SUPERTRAMP
Biografie
Supertramp entsprangen 1969 dem Rock-Traum des jungen holländischen Millionenerben Stanley August Miesegaes, der den Keyboardspieler Rick Davies, geb. am 22. Juli 1944 im englischen Swindon, Wiltshire, animierte, eine Rockband zu gründen. Davies fand in London per Zeitungsanzeige Roger Hodgson (voc, g, bg, kb), geb. am 21. März 1950 in Portsmouth, Hampshire, und andere Musiker, mit denen er sich zu Daddy, später Supertramp zusammentat, benannt nach W. H. Davies' "Autobiography of a Super-Tramp".
Die ersten beiden Alben und eine Skandinavien-Tournee der Newcomer waren dermaßen erfolglos, dass sich die Band entmutigt auflöste.

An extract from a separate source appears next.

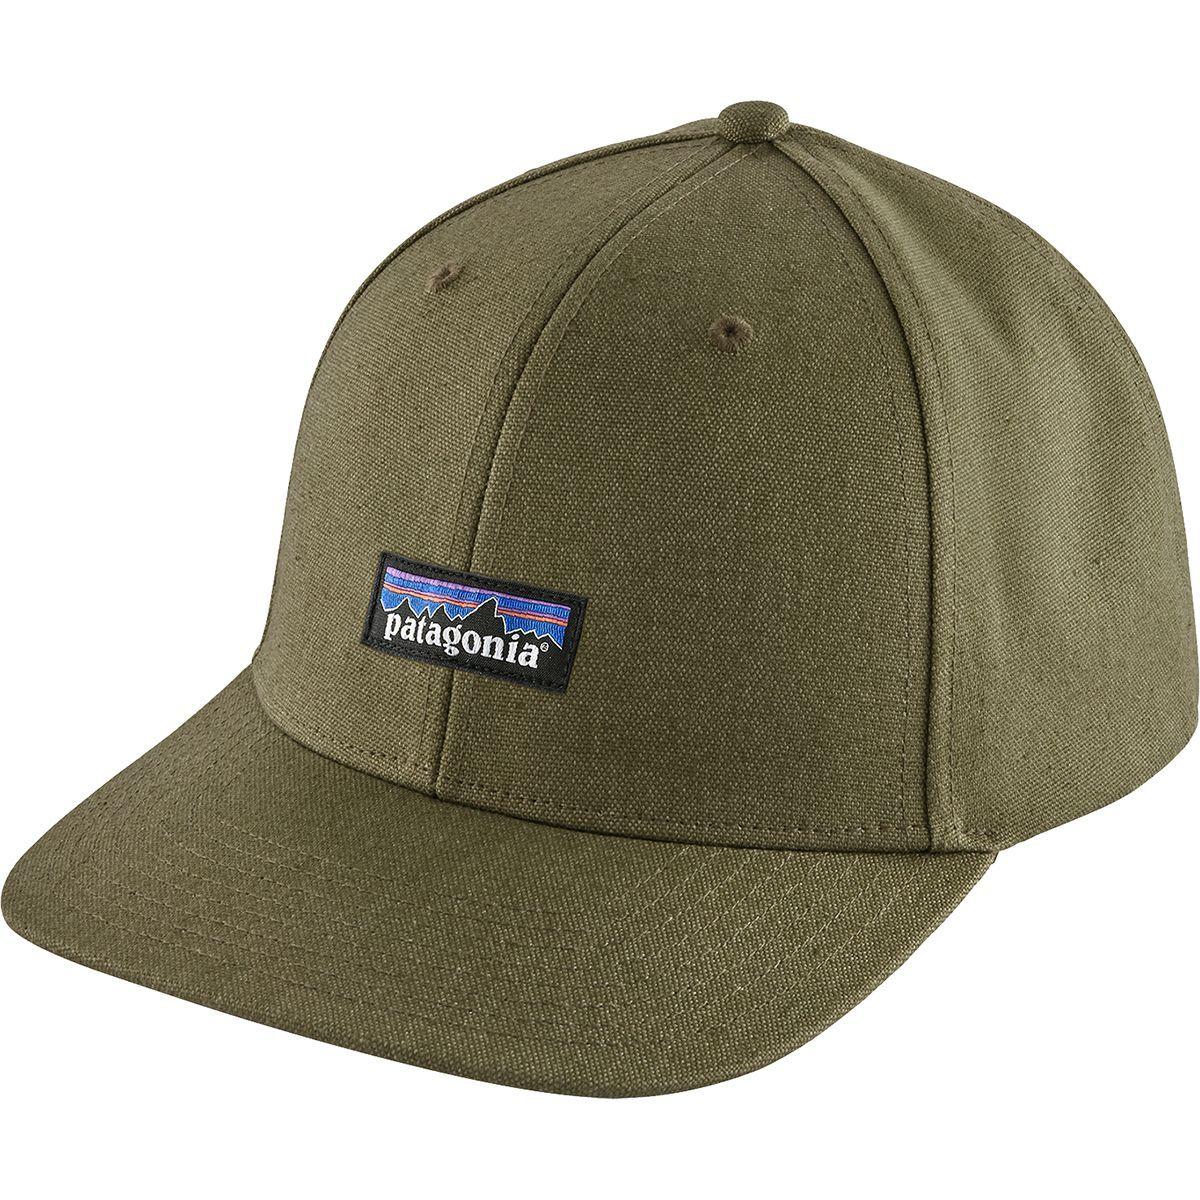 Tin Shed Outdoor Hats Hats: Tin Shed, Patagonia, Patagonia Cap

Davies und Hodgson, die sich Songschreiben und Sologesang teilten, warben 1974 Bob Benberg (dr), als Robert Siebenberg geb. am 31. Oktober 1949 in Glendale, Kalifornien, Dougie Thomson (bg), geb. am 24. März 1951 im schottischen Glasgow, John Helliwell (reeds, kb, voc), geb. am 15. Februar 1945 im englischen Todmorden, Yorkshire, für eine neue Supertramp-Formation an, und hievten ihr Album Crime Of The Century mit gewaltiger Promotion-Unterstützung in die europäischen Hitparaden. In England platzierte sich die LP auf Position vier. Bloody Well Right, die B-Seite der englischen Top Ten Single Dreamer, kam ein Jahr später in den USA unter die Top 40.

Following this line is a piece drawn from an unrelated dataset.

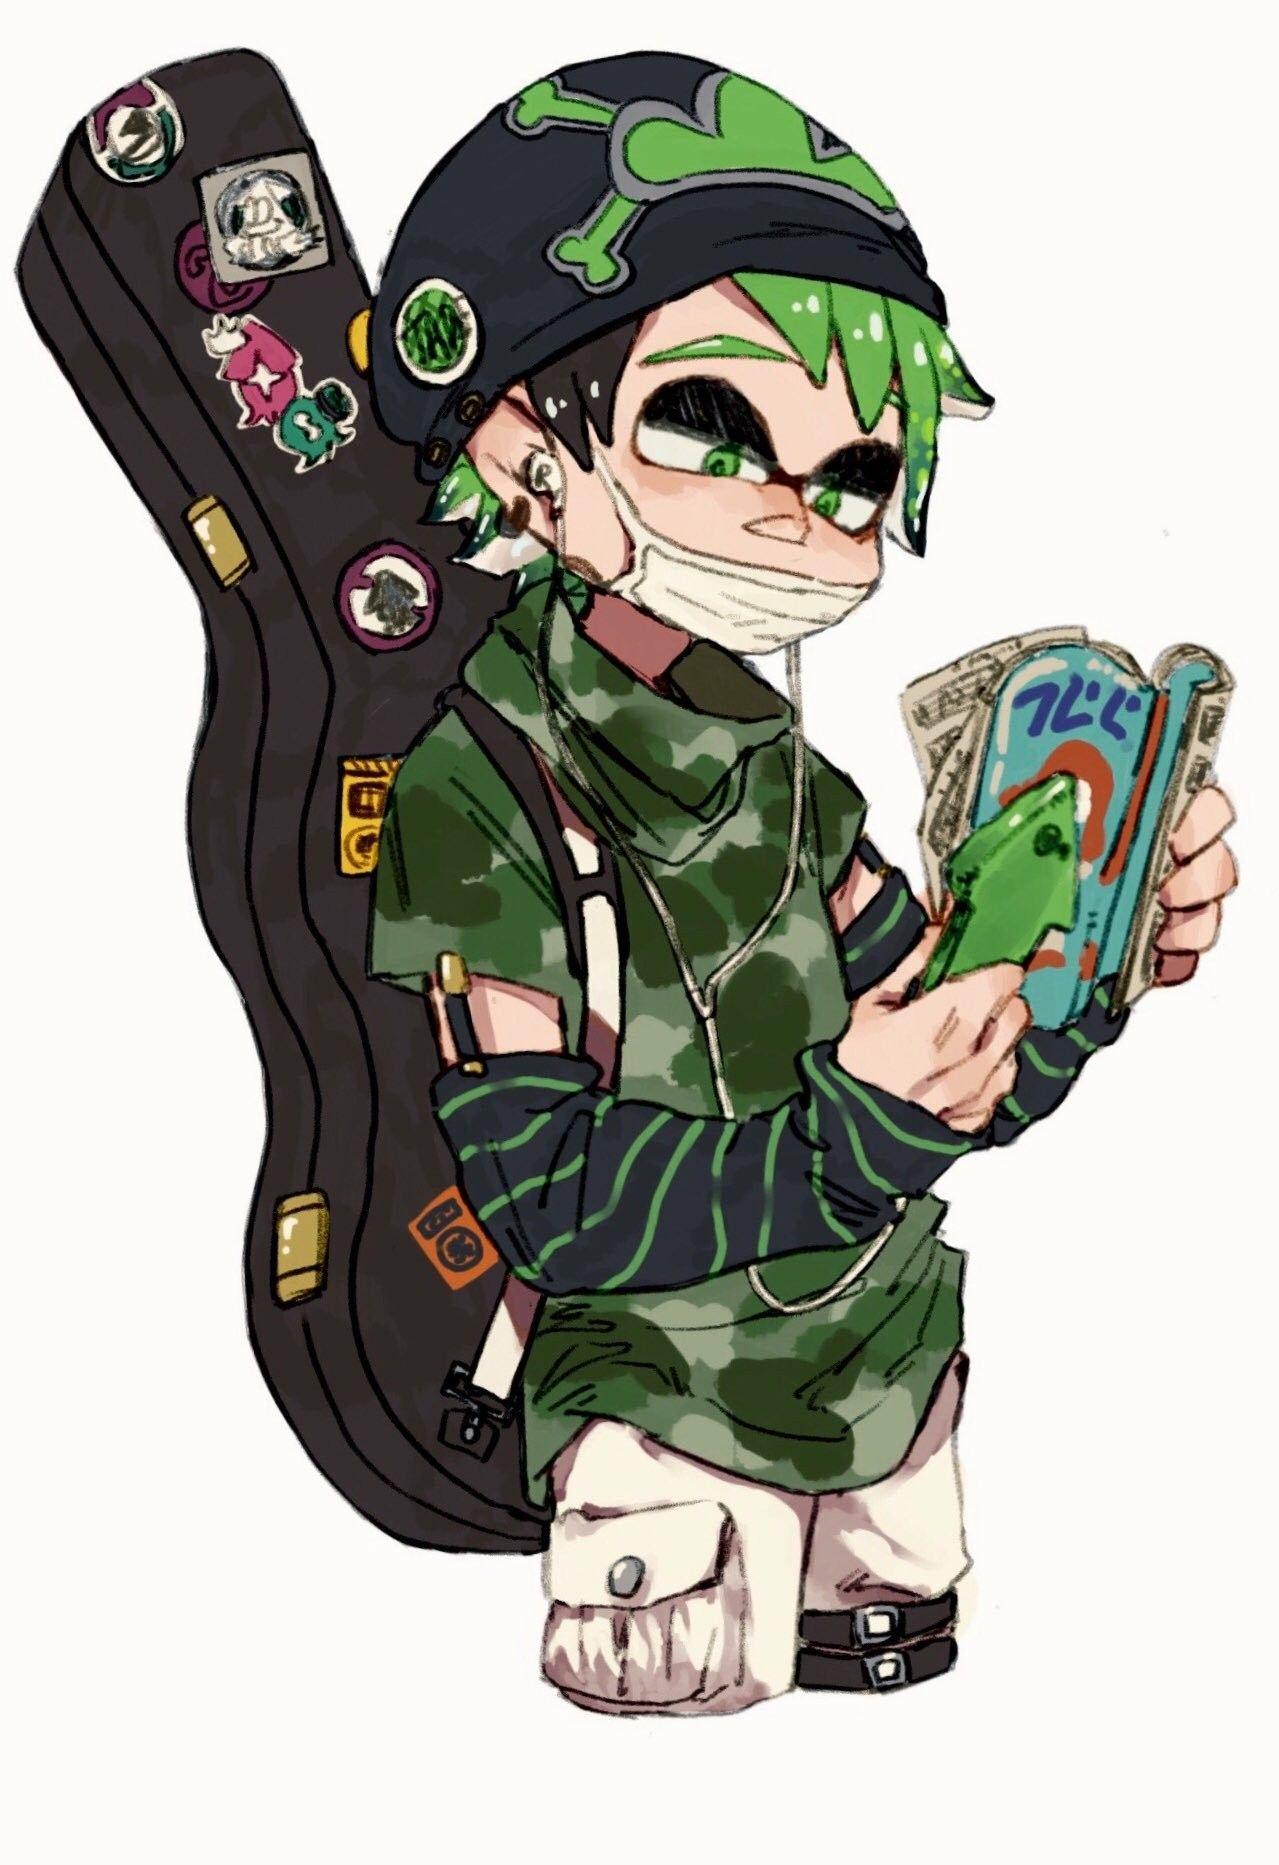 Splatoon 2 boy hairstyles pin by zarinie on splan  pinterest  nintendo and video games

Crisis? What Crisis? (1975; UK 20, USA 44) und Even In The Quietest Moments (1977; UK 12, USA 16) festigten die transatlantische Fanbasis des Ensembles, das 1976 seinen Wohn- und Firmensitz nach Los Angeles verlegt hatte. Breakfast In America mit den Hit-Appetithappen The Logical Song, Goodbye Stranger, Take The Long Way Home machten das Quintett endgültig zur Weltattraktion. Es setzte sich in den USA an die Spitze der Popcharts (UK 3) und wurde global mehr als 18 Millionen Mal abgesetzt.

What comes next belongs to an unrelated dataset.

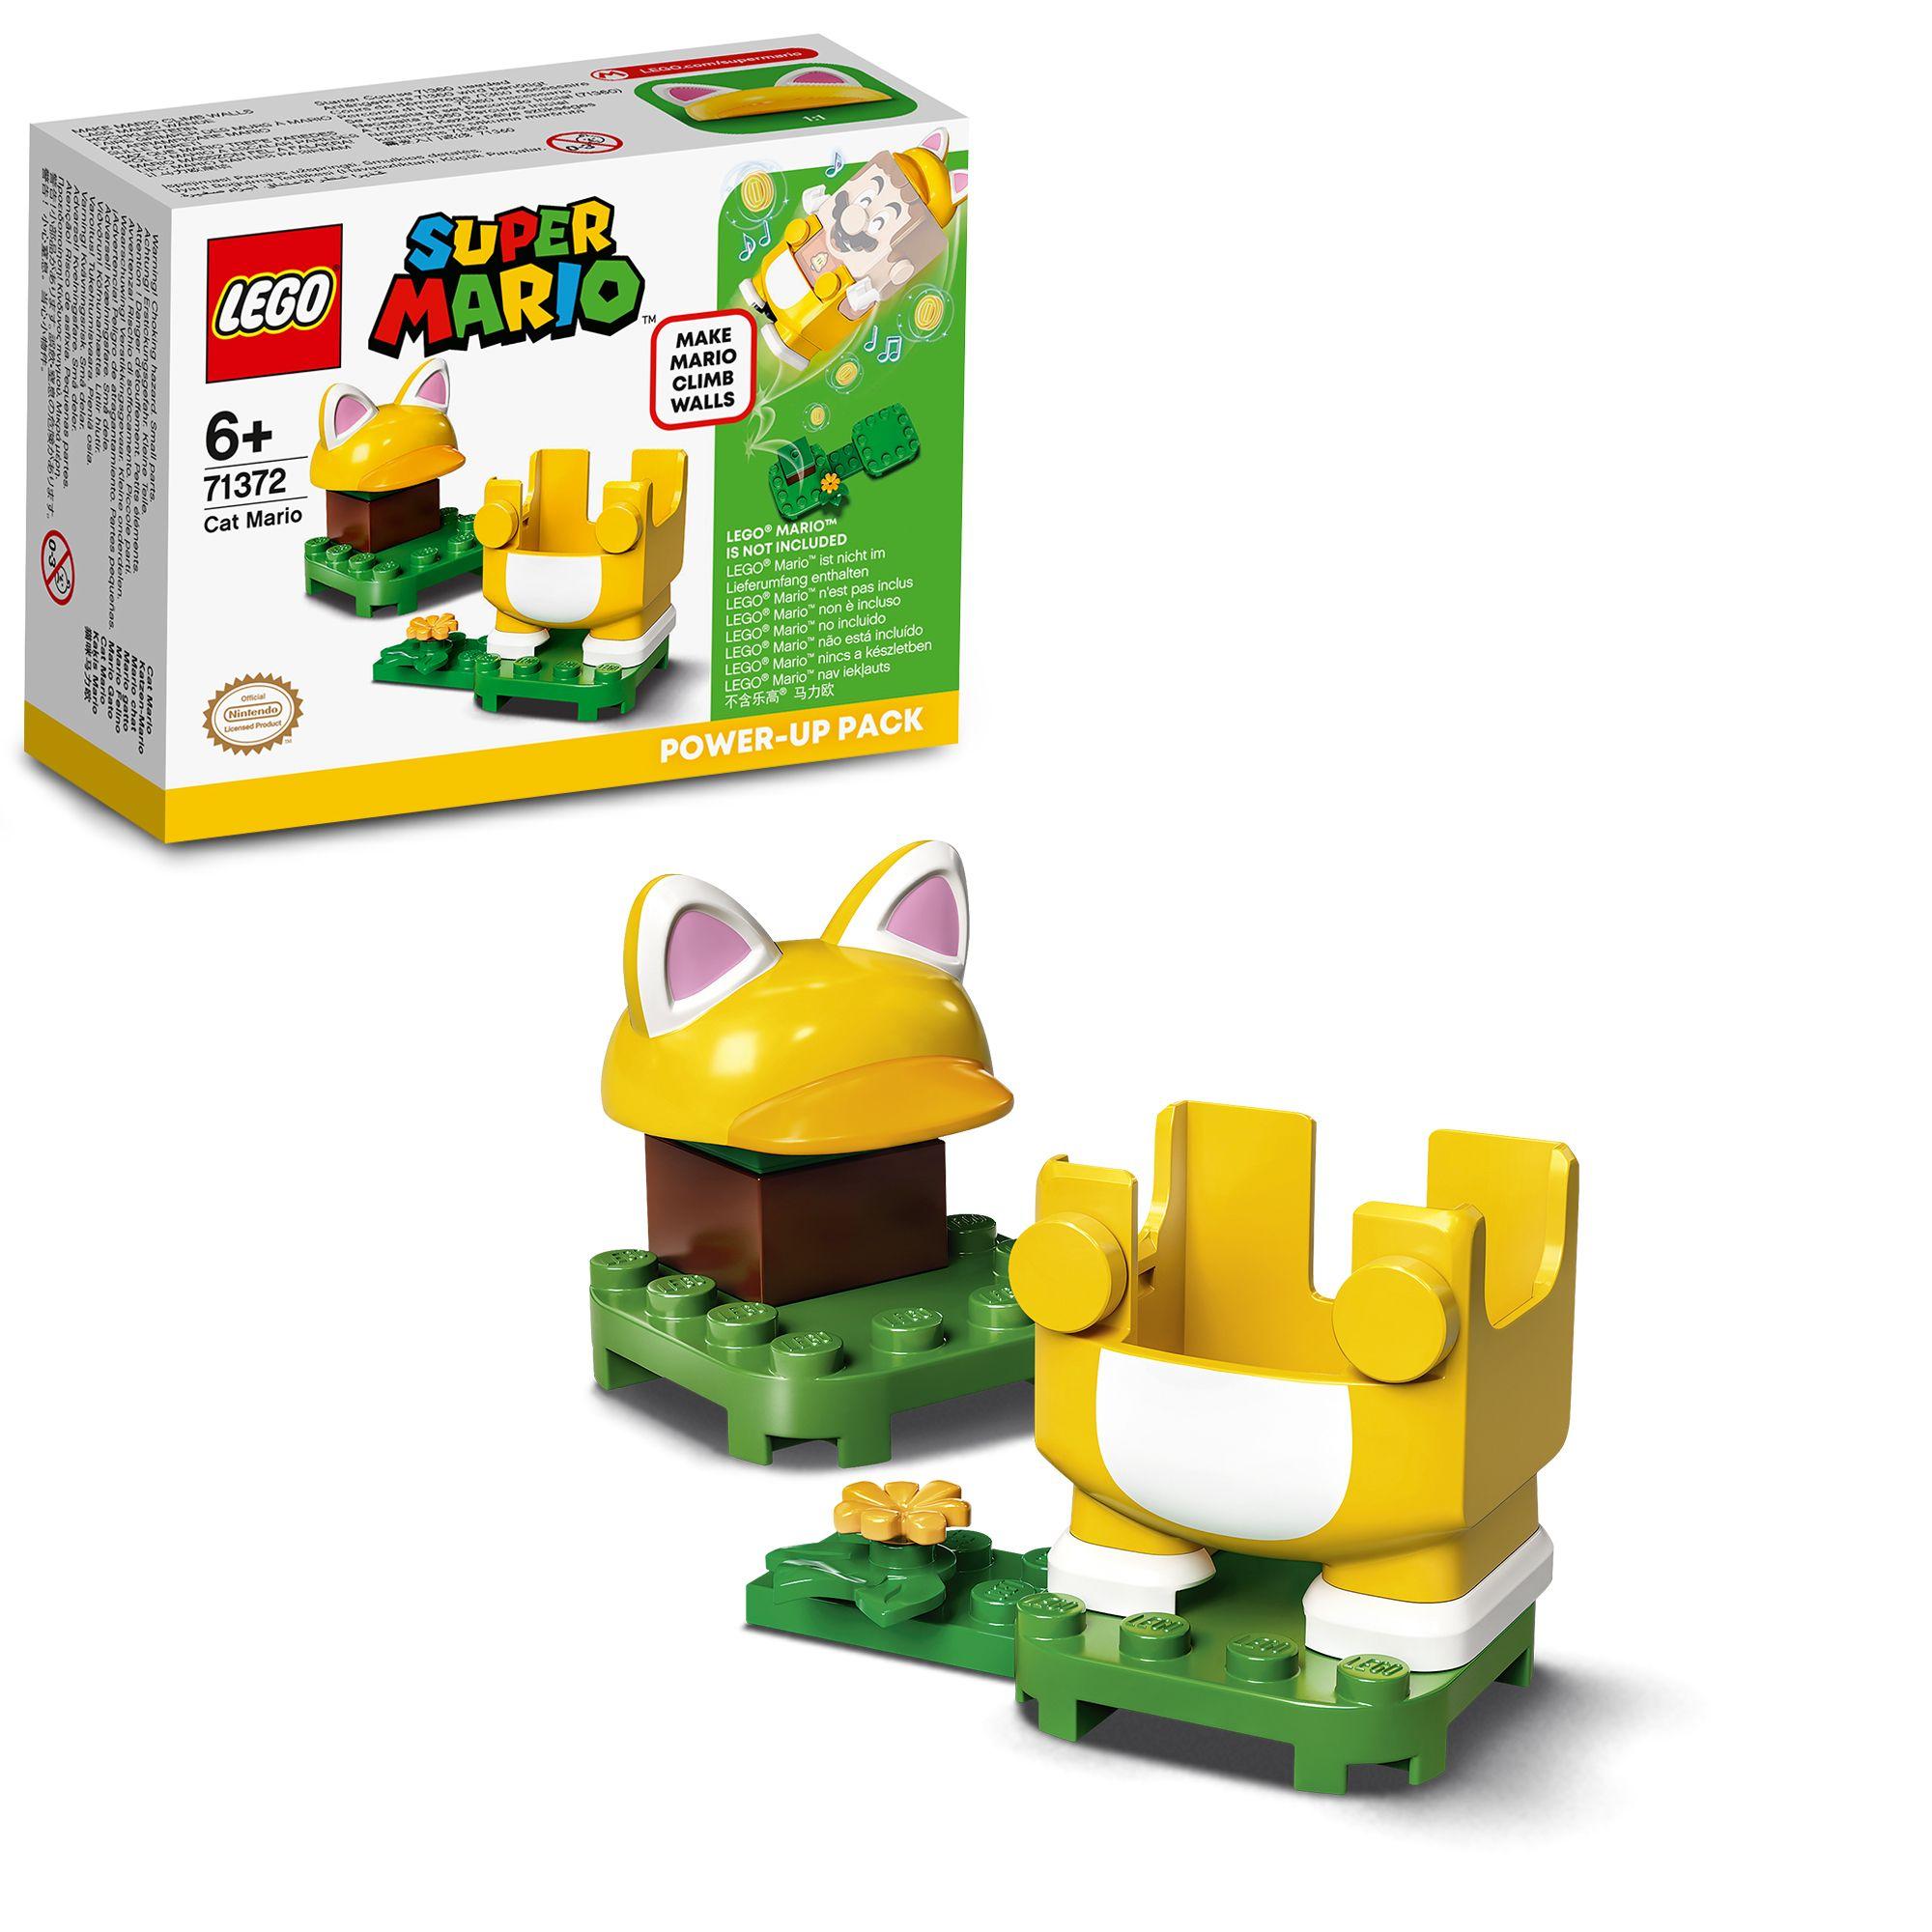 Lego super mario mario gatto - power up pack - 71372 - Super Mario

"Ihre Musik wirkt wie eine Reizüberflutung", klagte "Sounds", "als ob jemand sämtliche guten Popplatten der 60er und 70er Jahre auf einmal aufgelegt hat." Tatsächlich erinnerte der ausgetüftelte Mainstream-Rock der Supertramp an den jazzgefärbten Pop von Traffic, an den mehrstimmigen Harmoniegesang der Beatles, an die schwelgerischen Höhenflüge von Yes. Davies schlug bedeutungsschwangere Pianoakkorde im Procol Harum-Stil an, während Hodgson Klanggespinste wie Genesis zusammenwob. Die Sänger klagten mit "prätentiöser Highschool-Poesie" ("Village Voice") über Einsamkeit und Frustration, Identitätsprobleme und verkorkste Schulerziehung, tote Kommunikation und hoffnungslose Zukunft und schwelgten dabei in "süßer Schwermut, verzuckerter Verzweiflung, blankpolierter Melancholie" ("Der Spiegel").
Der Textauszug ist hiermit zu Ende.